▶ _Items from a data source_:
==================================================
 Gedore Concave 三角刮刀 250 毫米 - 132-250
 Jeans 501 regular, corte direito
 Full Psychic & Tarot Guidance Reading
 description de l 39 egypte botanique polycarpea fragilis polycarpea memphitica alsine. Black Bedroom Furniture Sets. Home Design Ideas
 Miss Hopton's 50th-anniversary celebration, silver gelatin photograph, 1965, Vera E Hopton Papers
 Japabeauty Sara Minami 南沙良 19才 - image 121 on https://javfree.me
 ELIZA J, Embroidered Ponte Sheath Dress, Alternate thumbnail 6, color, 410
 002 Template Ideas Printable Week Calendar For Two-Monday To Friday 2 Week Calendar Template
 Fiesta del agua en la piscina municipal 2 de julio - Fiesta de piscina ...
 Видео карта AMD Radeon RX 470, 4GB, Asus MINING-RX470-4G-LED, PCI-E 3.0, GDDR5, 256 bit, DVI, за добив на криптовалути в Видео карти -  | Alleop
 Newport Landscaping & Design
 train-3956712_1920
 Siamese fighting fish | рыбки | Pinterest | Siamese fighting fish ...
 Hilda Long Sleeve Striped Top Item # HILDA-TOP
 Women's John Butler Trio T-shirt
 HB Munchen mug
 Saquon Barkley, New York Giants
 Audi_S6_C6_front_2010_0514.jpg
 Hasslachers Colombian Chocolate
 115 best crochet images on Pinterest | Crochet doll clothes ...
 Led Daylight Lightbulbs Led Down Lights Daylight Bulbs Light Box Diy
==================================================
▶ _What is required_: Among the entries above, locate the lines containing "Siamese fighting fish |" and "115 best crochet", and transcribe exactly those two lines and all lines between.

▶ _Solution_:
 Siamese fighting fish | рыбки | Pinterest | Siamese fighting fish ...
 Hilda Long Sleeve Striped Top Item # HILDA-TOP
 Women's John Butler Trio T-shirt
 HB Munchen mug
 Saquon Barkley, New York Giants
 Audi_S6_C6_front_2010_0514.jpg
 Hasslachers Colombian Chocolate
 115 best crochet images on Pinterest | Crochet doll clothes ...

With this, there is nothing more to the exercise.